Ranto menggelengkan kepala. "Malam pertama, Saya pakai Pengaman, Tuan. Saya ngga mau Dia hamil dulu, sebab Saya masih banyak tugas membantu Tuan Muda Araf di NMI Company. Fina sendiri belum siap menjadi Ibu. Umur Fina baru 24 tahun."

Araf tersenyum geli mendengar penuturan polos Ranto itu, lalu mengambil satu Cangkir Kopi,

"To, ini Kopi rasa Baru Jadi Duda punya Saya?" dipamerkan Cangkir ditangannya ke Ranto.

Ranto menganggukan Kepala.

Araf tiup-tiup sejenak permukaan air kopi, baru perlahan dihirup air Kopi rasa Baru Jadi Duda. Tahu-tahu dia menyemburkan air kopi ke halaman depan Teras.

"Tuan kenapa?" tanya Ranto cemas melihat Araf menyemburkan air kopi ke halaman.

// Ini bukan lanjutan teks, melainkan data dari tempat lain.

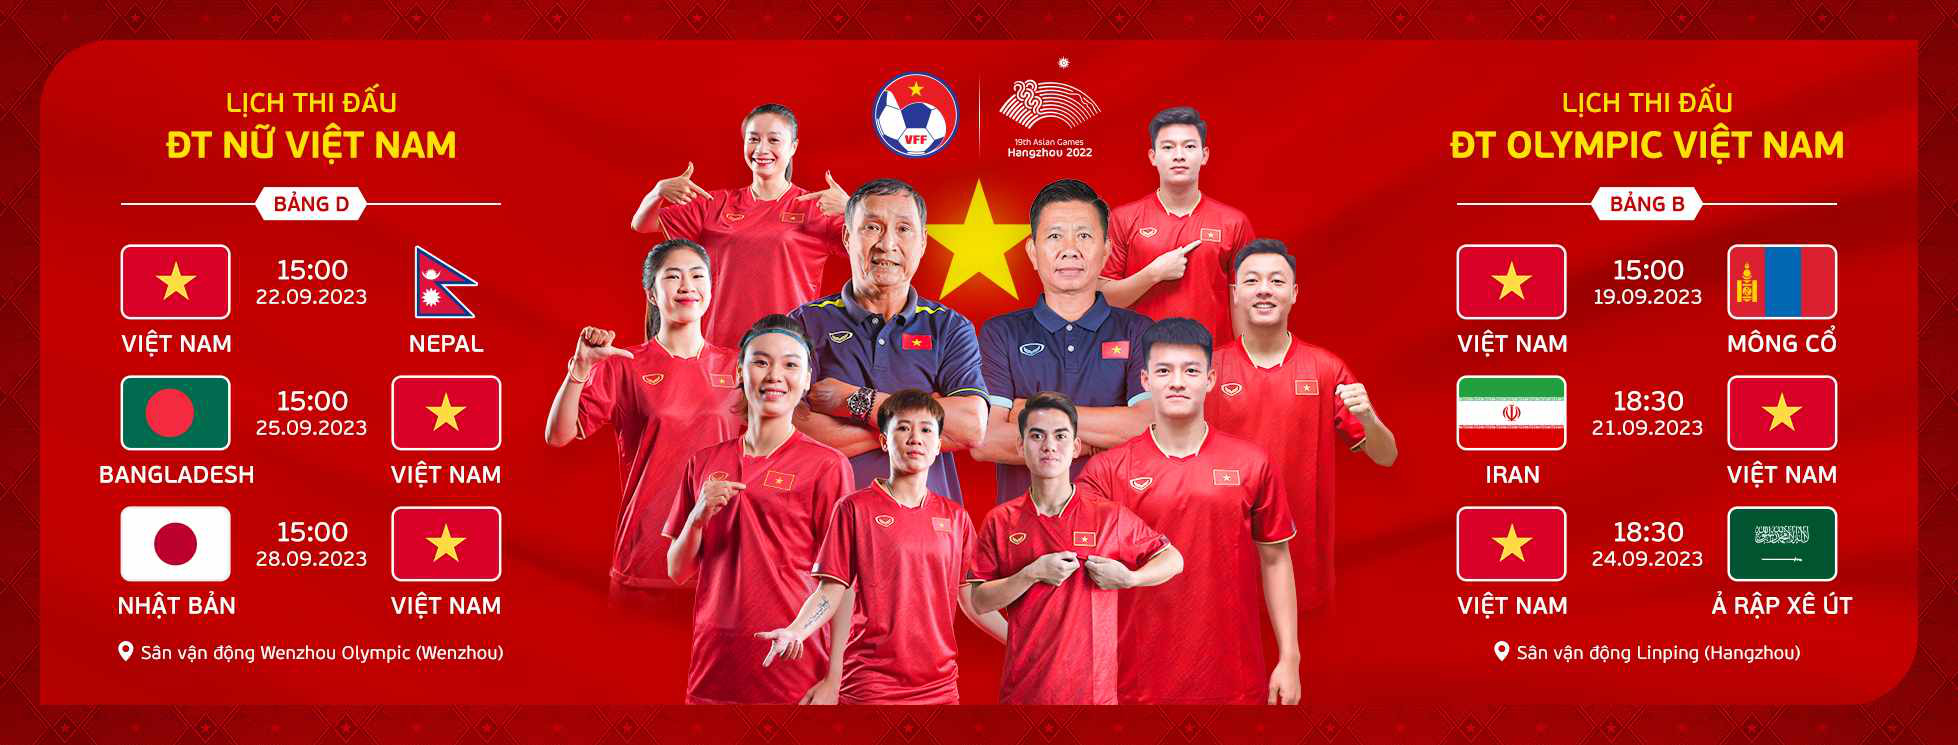 Coach Mai Duc Chung rejuvenates Vietnam women’s team

"Astaga Ranto!" Araf memandang kecut Ranto,"Kamu bikin Kopi apa Oli Motor sih? Pahit banget rasanya." Lidahnya terasa kelut akibat rasa Kopi yang kebangetan pahitnya.

"Tadi kan Tuan menjawab Pahit banget pas saya tanya apa Kopinya dibikin Pahit. Jadi Saya bikin rasanya Pahit banget."

"Hahaha!" Danang meledak lagi tawa gelinya, "Pas banget tu Kopi sama Elo, Raf. Baru jadi Duda memang Pahit banget." Dia tergelak-gelak geli.

Araf mengerucutkan bibirnya, memang Baru Jadi Duda pahit banget. Araf kasih cangkir ditangannya ke Ranto.

"Bikinkan yang baru untuk Saya yang rasanya ngga sepahit ini."

"Tapi nanti jadi berubah, Tuan."

"Berubah gimana maksudmu?"

"Kopinya jadi rasa Sudah Lama Menduda. Nah rasa Kopi tidak sepahit rasa Baru Jadi Duda,Tuan."

"Hahaha!" Danang meledak lagi tawa gelinya. Badannya sampai terguncang kecil akibat tertawa geli banget.

Araf menjadi gemas sama Assistennya ini yang konyol tapi kerjanya sangat bagus.

TUK..Araf jitak jidat Ranto,

"Dah biarin Saya minum Kopi rasa Sudah Lama Menduda, pahitnya sudah hilang."